*** COLLECTED DATA ***

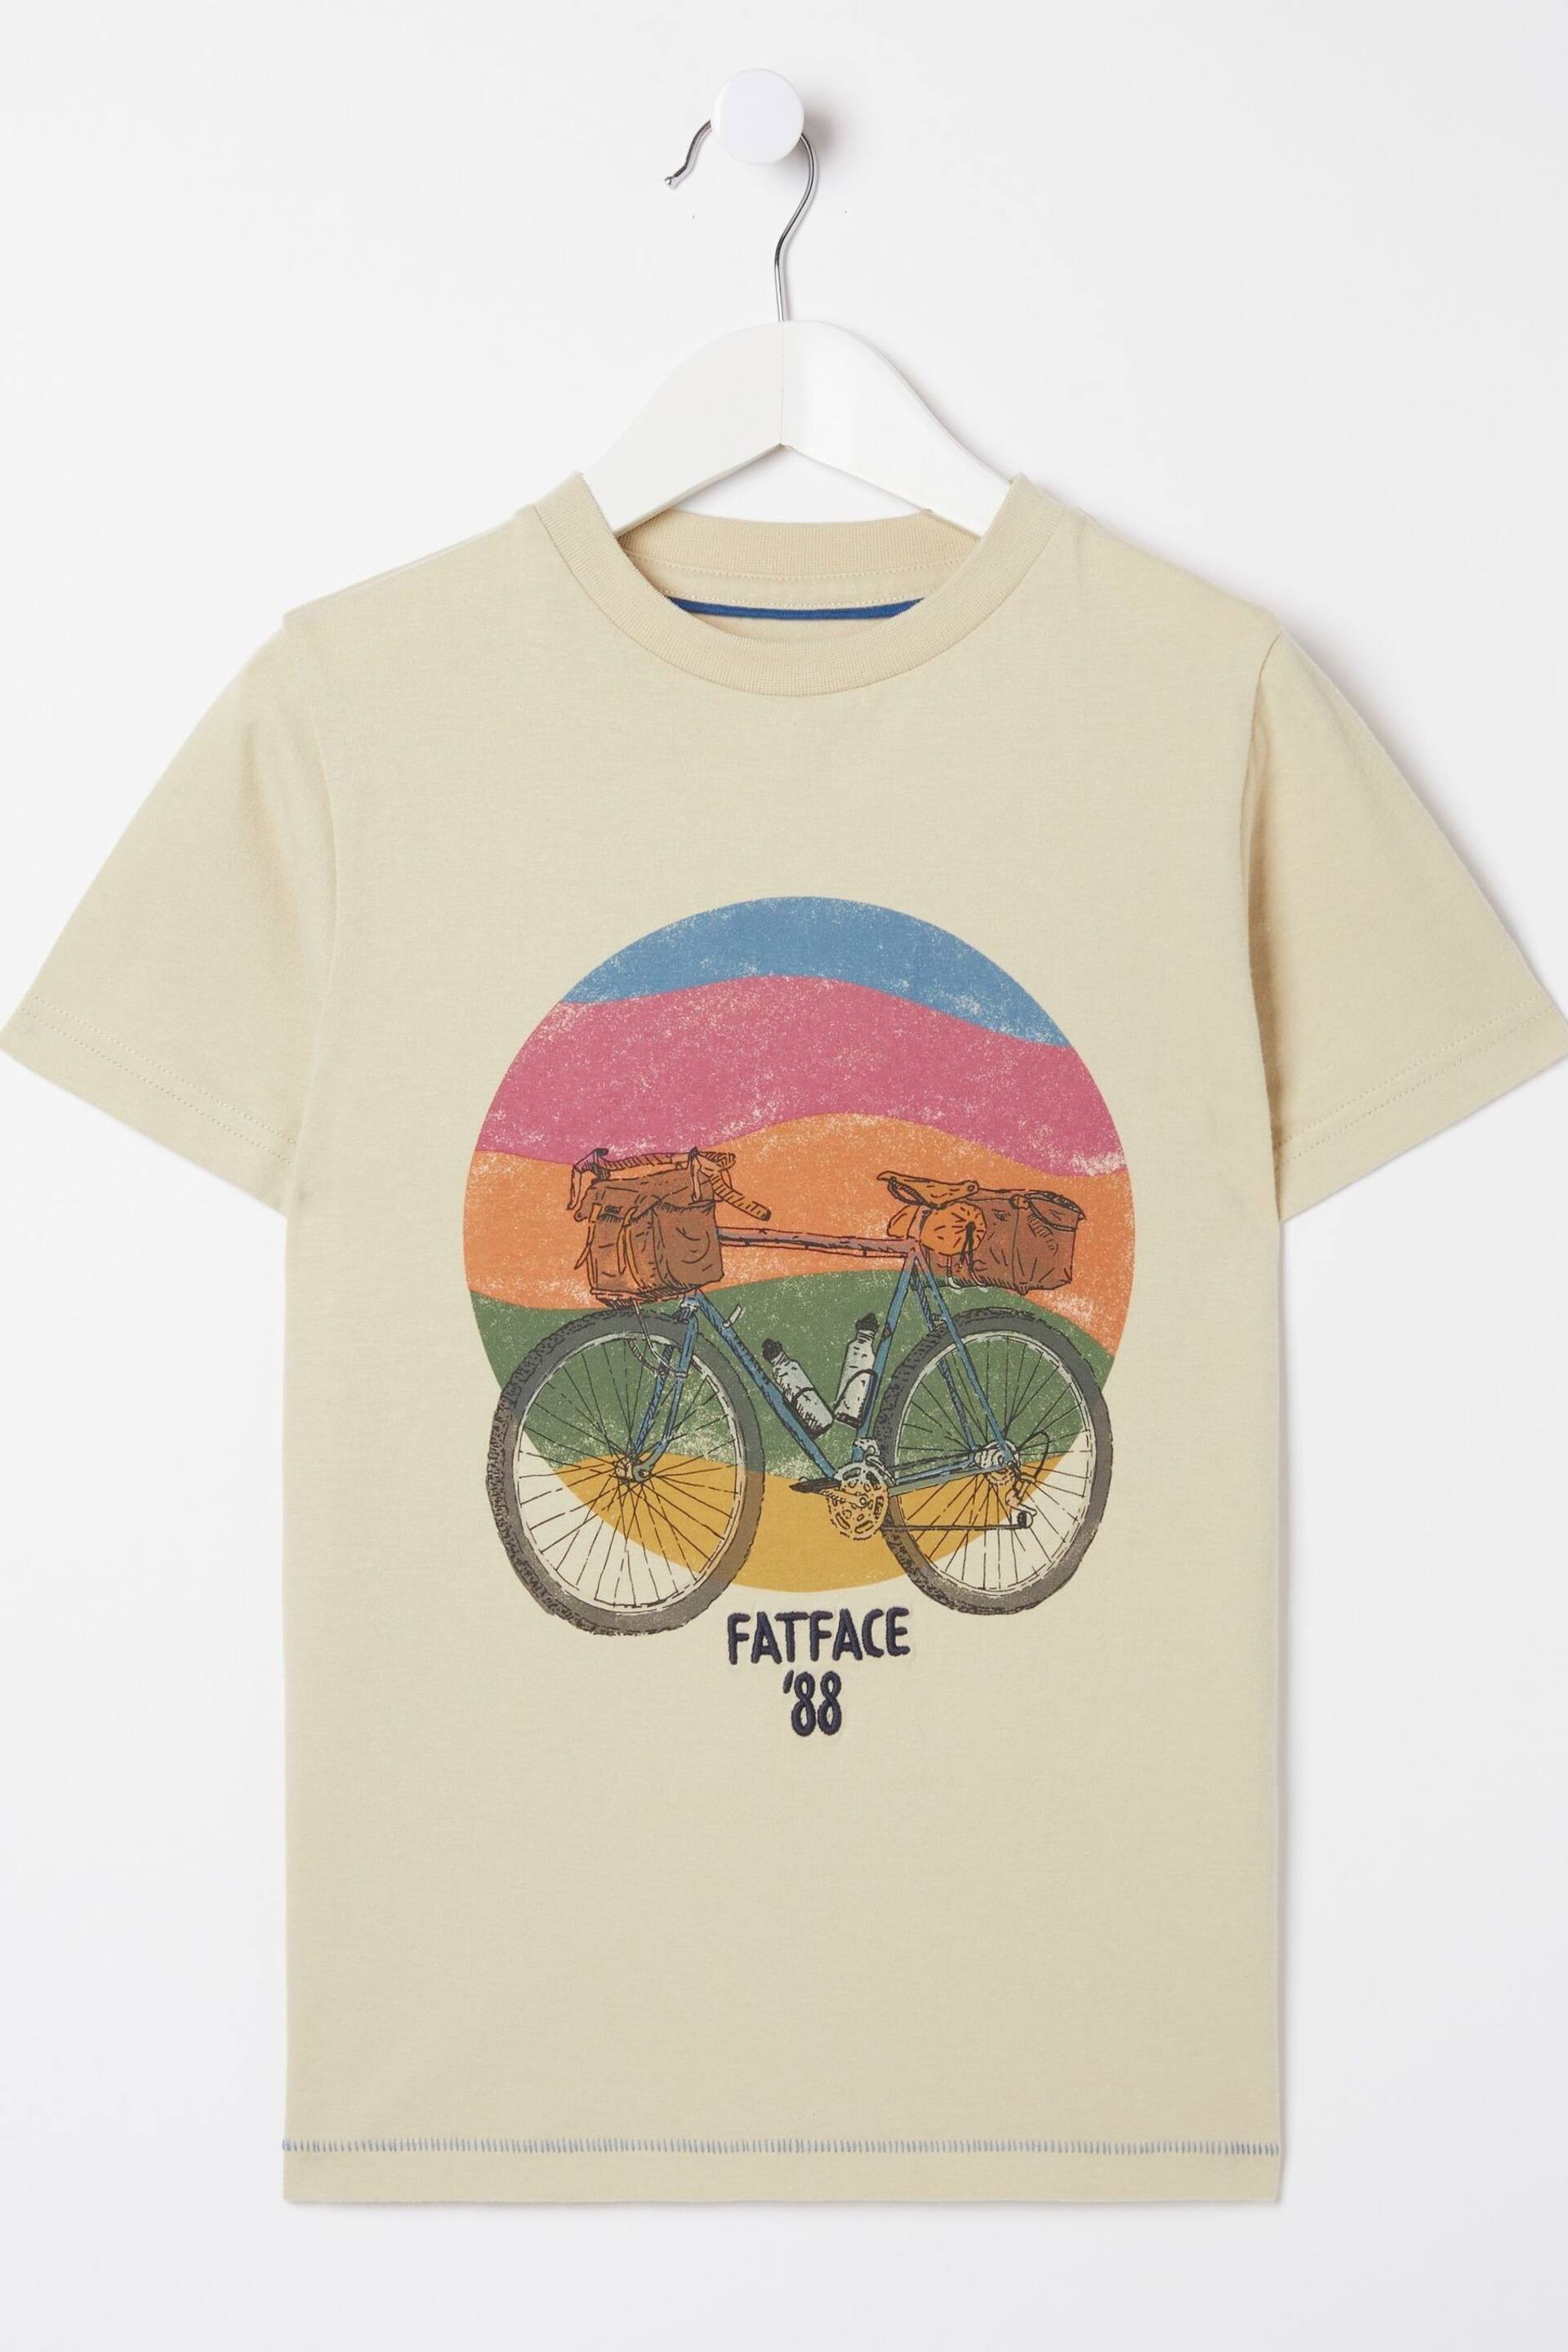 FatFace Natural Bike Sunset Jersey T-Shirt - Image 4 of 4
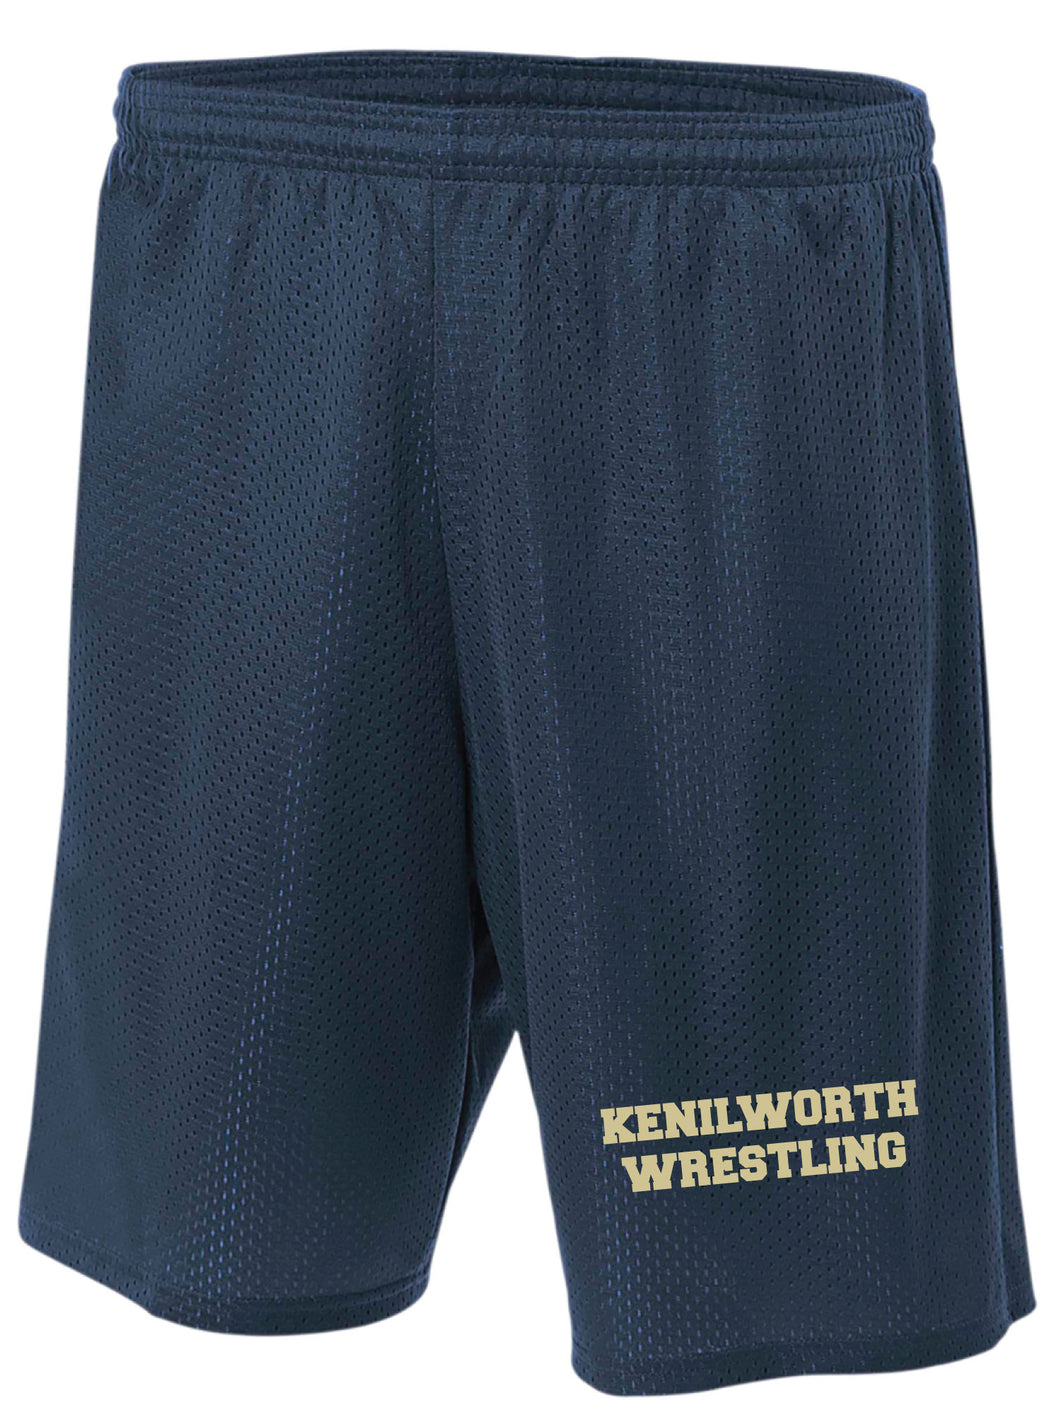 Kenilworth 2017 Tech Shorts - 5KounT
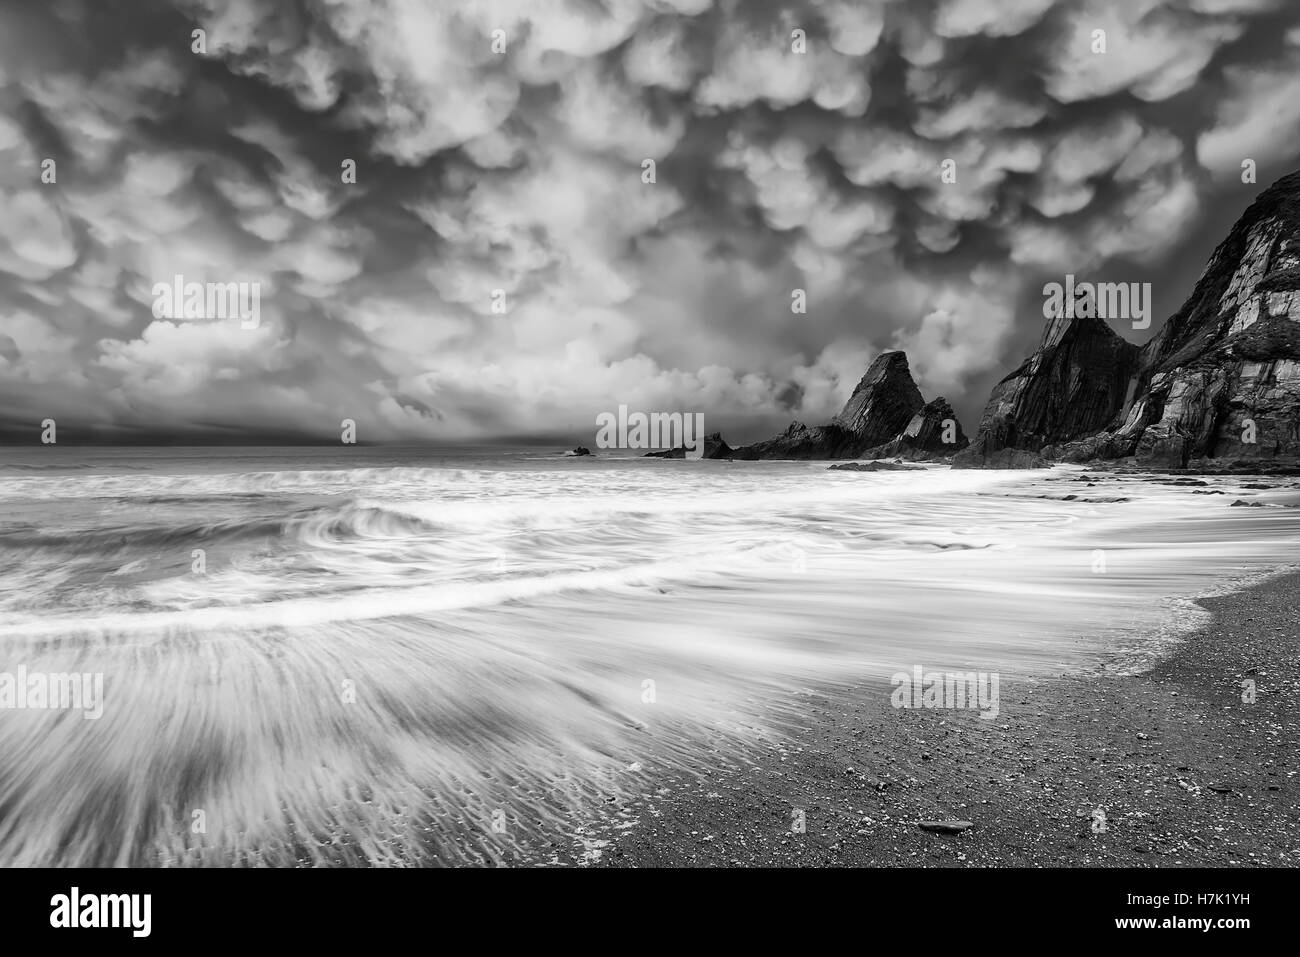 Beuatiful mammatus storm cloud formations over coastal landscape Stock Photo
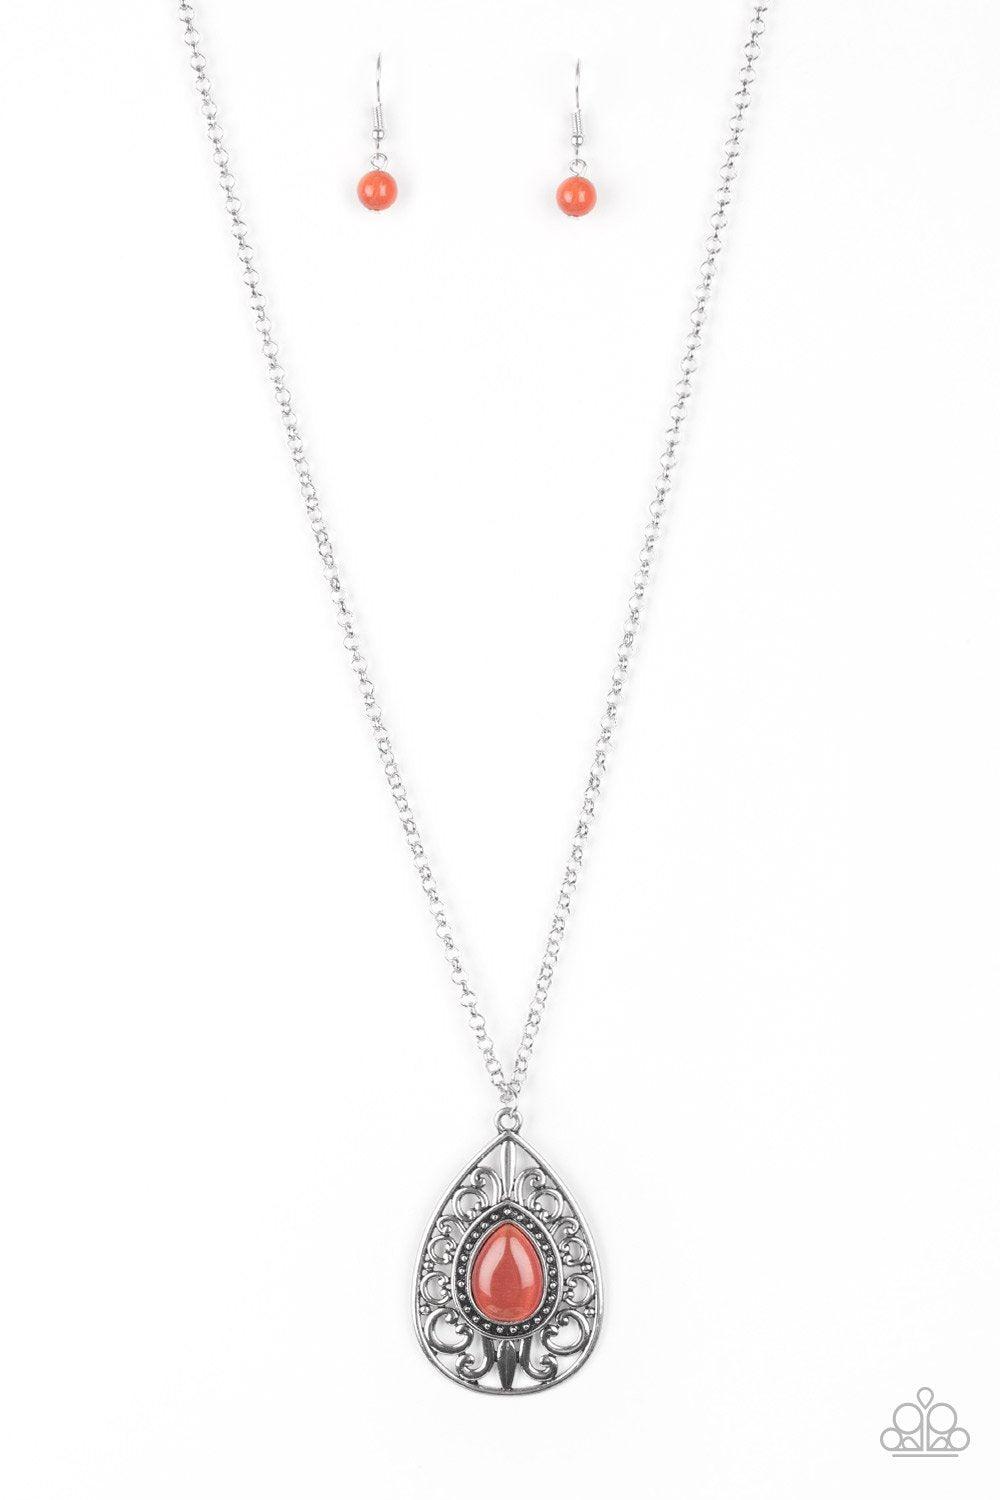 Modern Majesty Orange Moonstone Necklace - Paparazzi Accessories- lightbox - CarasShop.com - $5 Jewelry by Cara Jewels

*** End of COLLECTED DATA ***

→ **WORK REQUEST**
Take the data above and set it down exactly, images excluded.

→ **WRITTEN RESPONSE**
 FatFace Natural Bike Sunset Jersey T-Shirt - Image 4 of 4
 Kenilworth 2017 Tech Shorts - 5KounT
 Beuatiful mammatus storm cloud formations over coastal landscape Stock Photo
 Modern Majesty Orange Moonstone Necklace - Paparazzi Accessories- lightbox - CarasShop.com - $5 Jewelry by Cara Jewels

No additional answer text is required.